5. Let the solder flow into the connection. Commit and place the freshly tinned tip of the soldering iron firmly onto the work with light steady pressure and immediately try to feed a little solder into the location where the soldering iron is touching the work to begin melting the solder. The molten solder will aid in quickly pulling the heat from the soldering iron into the work and once the flow begins, keep feeding the solder until the item is satisfactorily soldered (but not to the point you are creating a large blob of solder) then quickly remove the soldering iron from the work. Also, while the solder is flowing, by dragging the tip of the soldering iron across the work one can spread the solder on the work … helpful when trying to fill an eyelet or soldering a long wire splice. When soldering stranded wire, consider placing the tip of the soldering iron under the wire, then feed in a little solder and once the solder begins flowing, transition the solder so it feeds in from the top of the wire directly above the soldering iron tip … for long splices move the iron across the bottom of the wire while following and feeding in solder along the top of the wire.
As always when learning a new skill, try experimenting and become comfortable with your soldering iron by soldering few pieces of scrap wire together until you get the hang of it. By following the five tips above you should have yourself making quality solder joints with very little practice.
The heat shrink tubing slid over the solder joints on the stereo jack and shrunk. Next the 22 gauge wire is wrapped around the resistor lead and ready for soldering.
After the 47K ohm resistors were soldered onto the tip and ring terminals on the 1/8" stereo jack, the heat shrink tubing was slid over the solder joint and shrunk with a heat gun. Next a 22 gauge wire was wrapped around the leads from the resistors and soldered.
The 22 gauge wire is now soldered onto the resistor leads and ready for more heat shrink tubing.

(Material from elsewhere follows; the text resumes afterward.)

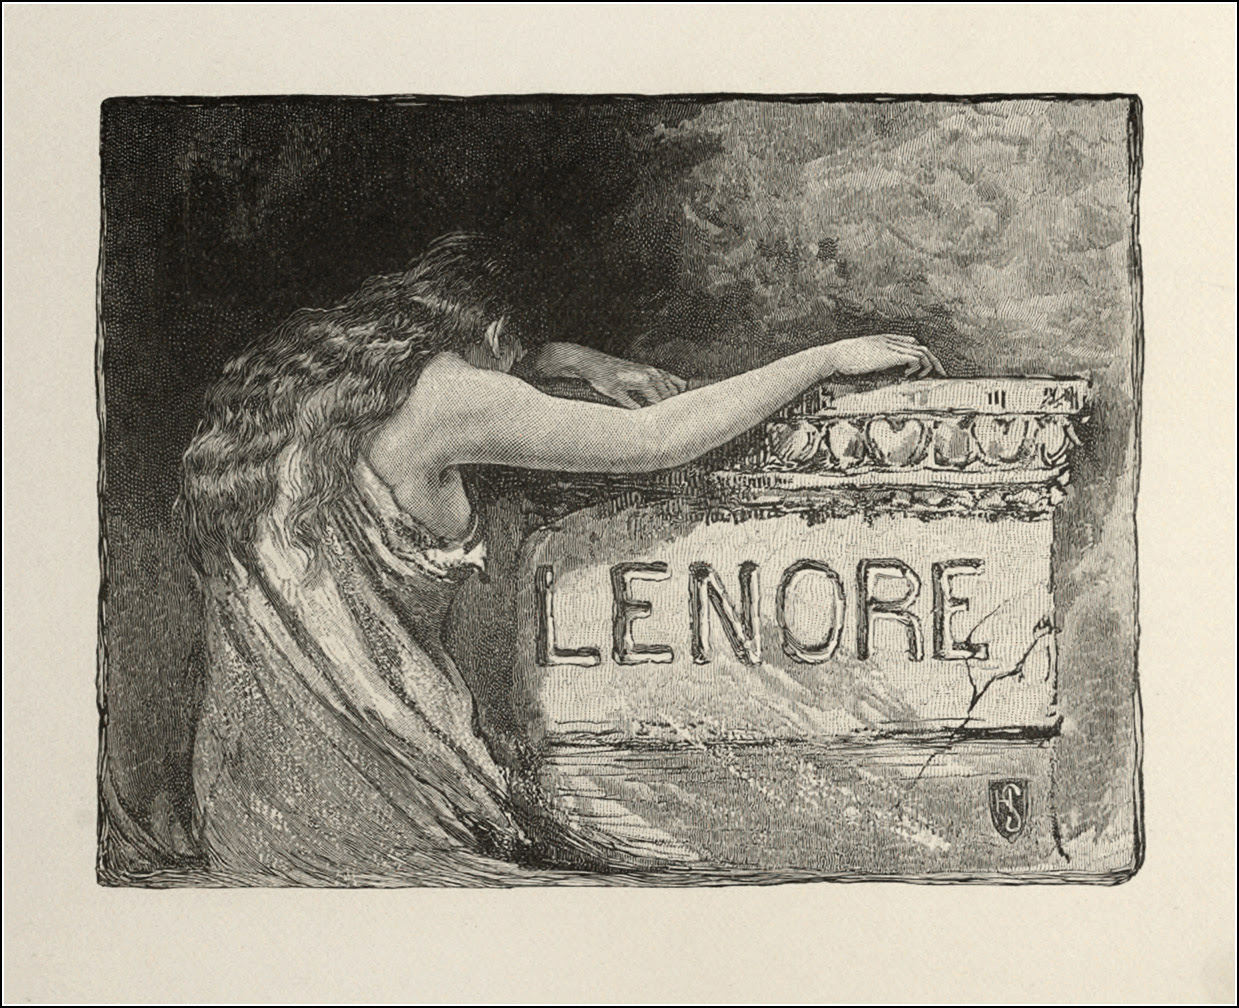  Lenore, Edgar Allen Poe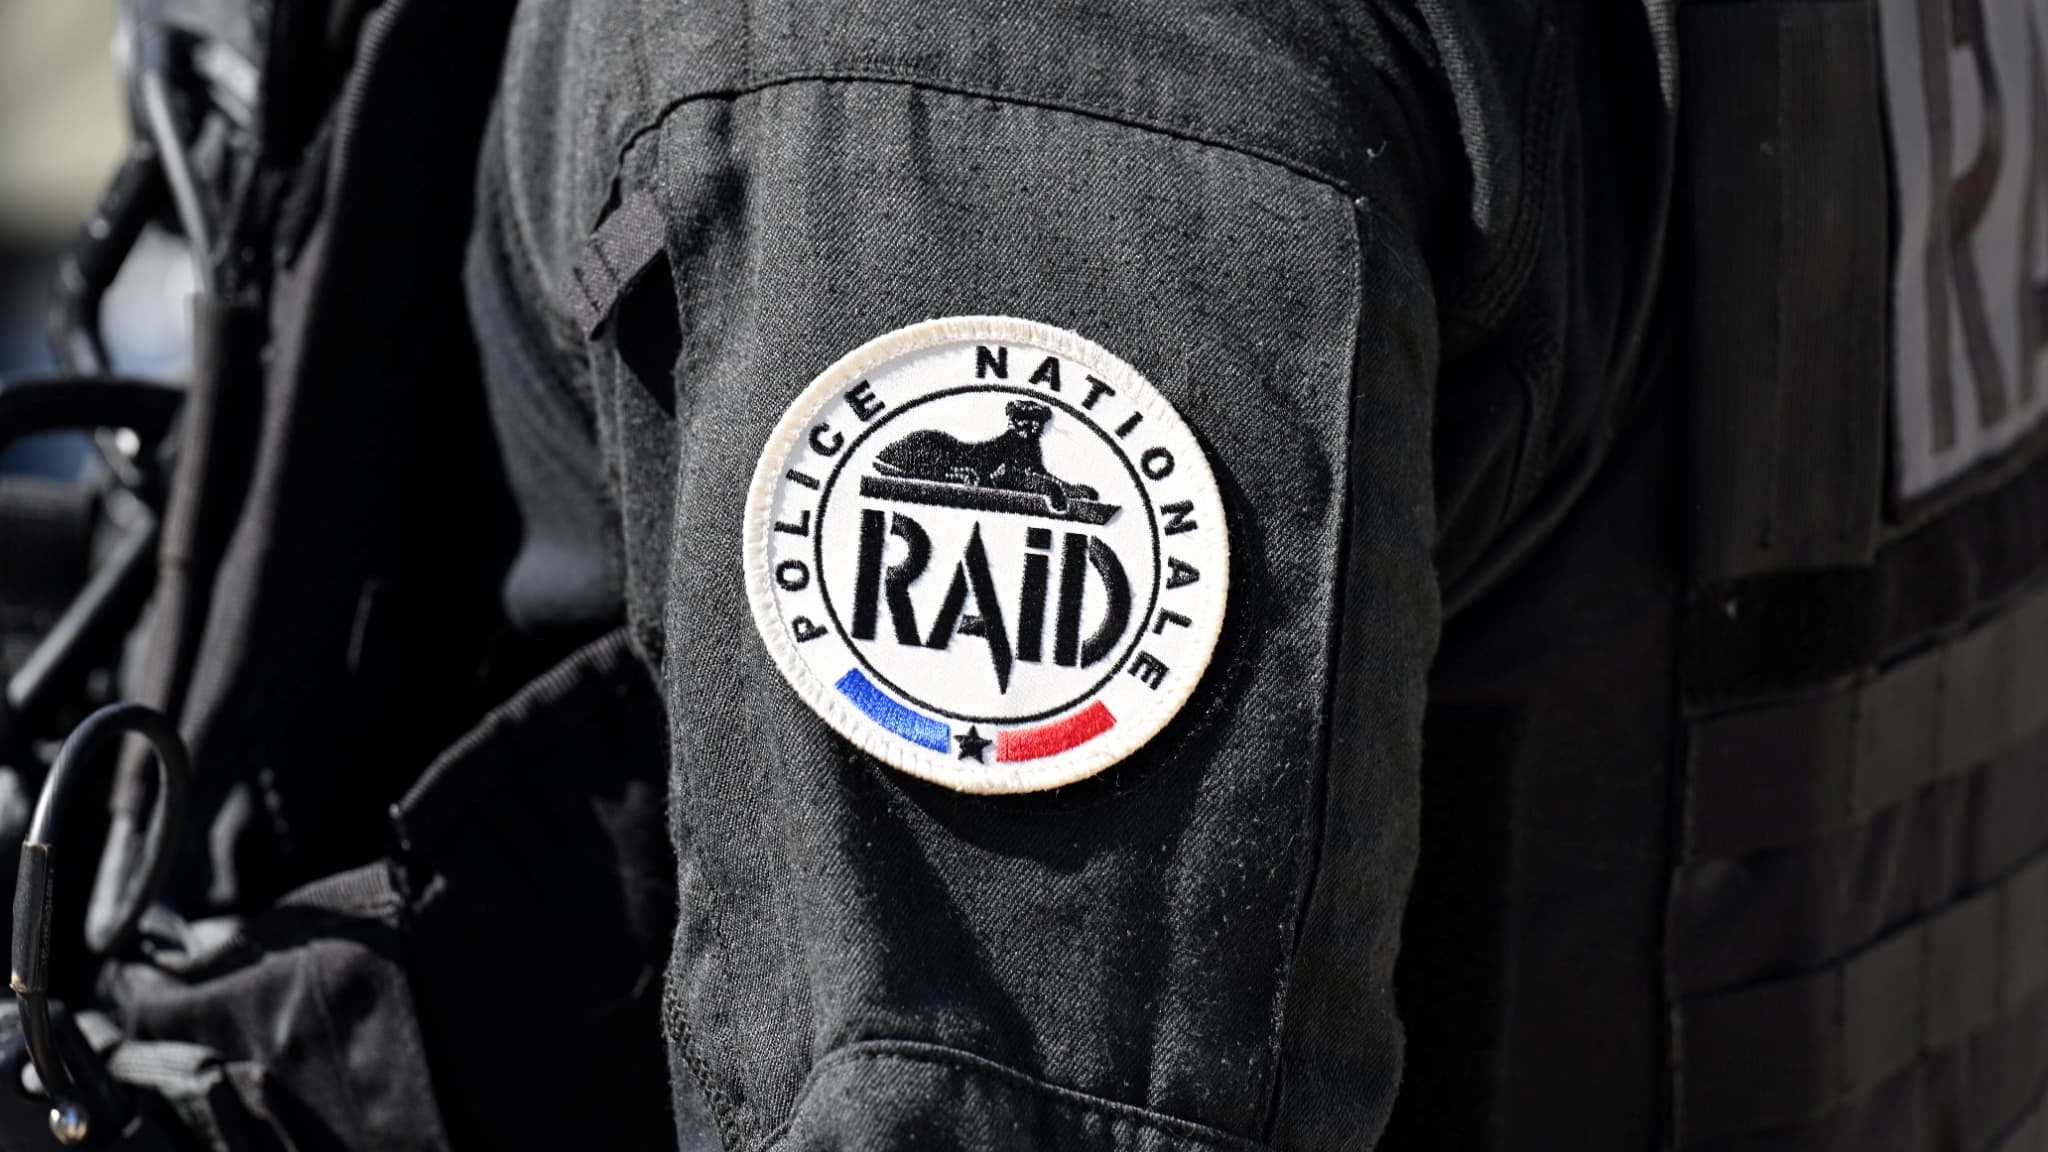 Le Raid, unité d'élite de la Police Nationale

Heat shrink tubing was slid up the wire to cover the entire exposed resistor lead that the 22 gauge wire was soldered onto. After the heat shrink tubing was shrunk onto the resistor leads, a larger diameter piece of heat shrink was slid over the resistors to cover the small amount of exposed resistor lead where the heat shrink was slid over the solder connections at the stereo jack terminals.
Heat shrink covering the 22 gauge wire solder connections on the resistor leads.Completed stereo jack with 47K ohm resistors and the 22 gauge wire solder connections all covered with heat shrink tubing.
Blog viewers may be asking themselves why just one piece of heat shrink wasn’t used to cover each resistor entirely? It very well may have been OK to do so. However, I though the heat shrink tubing being used was rated at the typical shrink ratio of 2:1 so was not sure if a diameter large enough to slide over the bodies of the resistors would shrink down enough to make a tight connection around the resistor leads. As it turns out, I forgot the DOG Aviation purchasing department had procured some high-grade polyolefin heat shrink that has a shrink ratio of 3:1 … but doing it with three pieces made a nice tight encapsulation of the resistors.
Auxiliary audio out 1/8" stereo jack mounted on the right floor pan.